My 2011 NaNoWriMo project is done!

It's been a while since I posted. Back in January, I thought we were about 10 days from closing on an awesome property we found in Cedar City Utah. Great house, next to BLM, a basement apartment for my mom. We'd need to do some fencing and build a barn, but it was perfect for us because it is so close to a lot of the endurance rides we want to do.

But, the property was off the grid. And after swearing that was no problem, the bank suddenly said, oh, you mean there's no electricity? Well, we can't loan on that.

We flailed around with a couple more banks, even tried one that would let us finance running electricity for a mile to the place, but that failed as well.

Since then we've been living out of boxes since we'd packed everything but the essentials. And we have to move since we've sold our current property. Luckily the buyers are able to be flexible.
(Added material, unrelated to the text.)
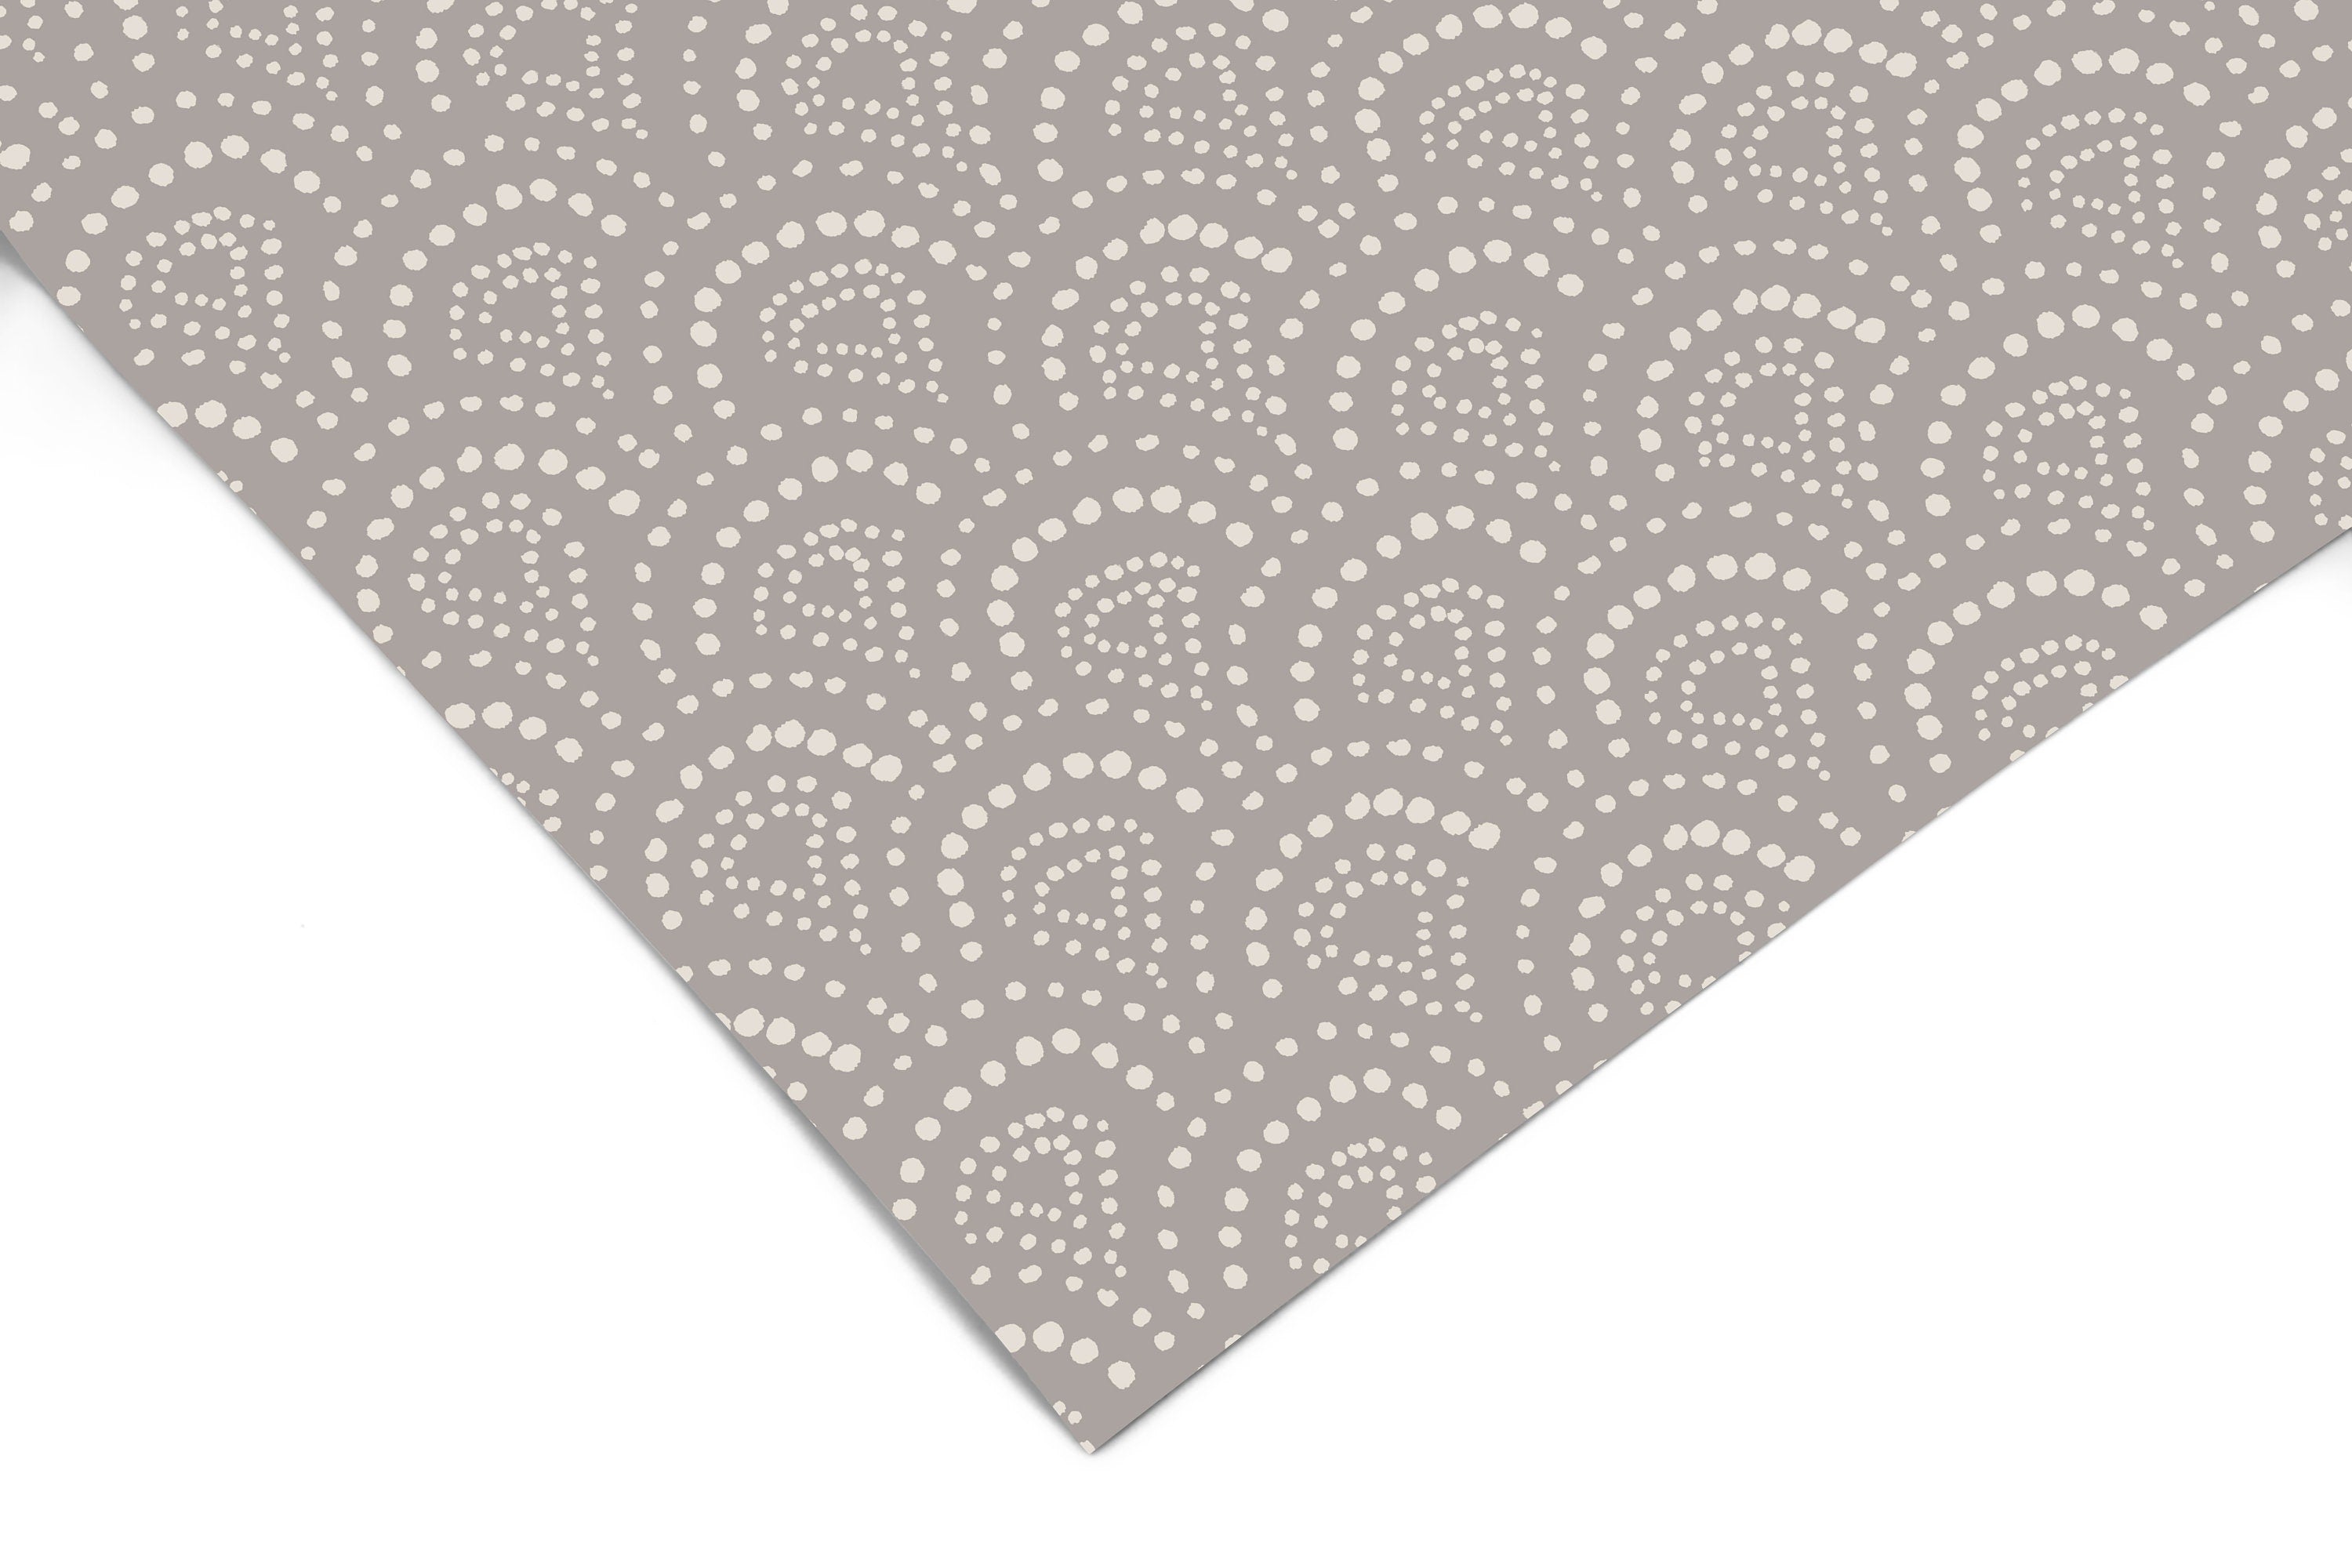 Contact Paper Neutral Gray Pattern | Peel And Stick Wallpaper | Removable Wallpaper | Shelf Liner | Drawer Liner | Peel and Stick Paper 843 - JamesAndColors

A CP and friend of mine, Eliza Tilton, soon to be published with the project that we first met over, challenged me to finish a book I'd started for the 2011 NaNoWriMo. She figured we could finish our WIP's in time for WriteOnCon in March.

I was 20k in, expecting it to end around 40k. So I knew it was possible. I averaged 1000 wpd most weekdays and got it finished on Feb 28.

Throughout Feb, Eliza and my in person CP read the pages and I felt it was a pretty clean ms. So I decided to submit to a couple contests and get more feedback.

I entered the Operation Awesome Secret Agent. The secret agent is Tricia Lawrence of the Erin Murphy Literary Agency and I won! She wants to see the full!!!! I'd checked out this agency in the past because Ami-Joan Paquette read a few chapters of my currently shelved YA Fantasy. This is very exciting because not only do I think they're a great agency, but they don't accept unsolicited queries. Awesome opportunity!

I still haven't moved (but getting closer - we found a 62 acre property in Colorado with a log home that needs lots of work, cuz yeah, I need more projects!)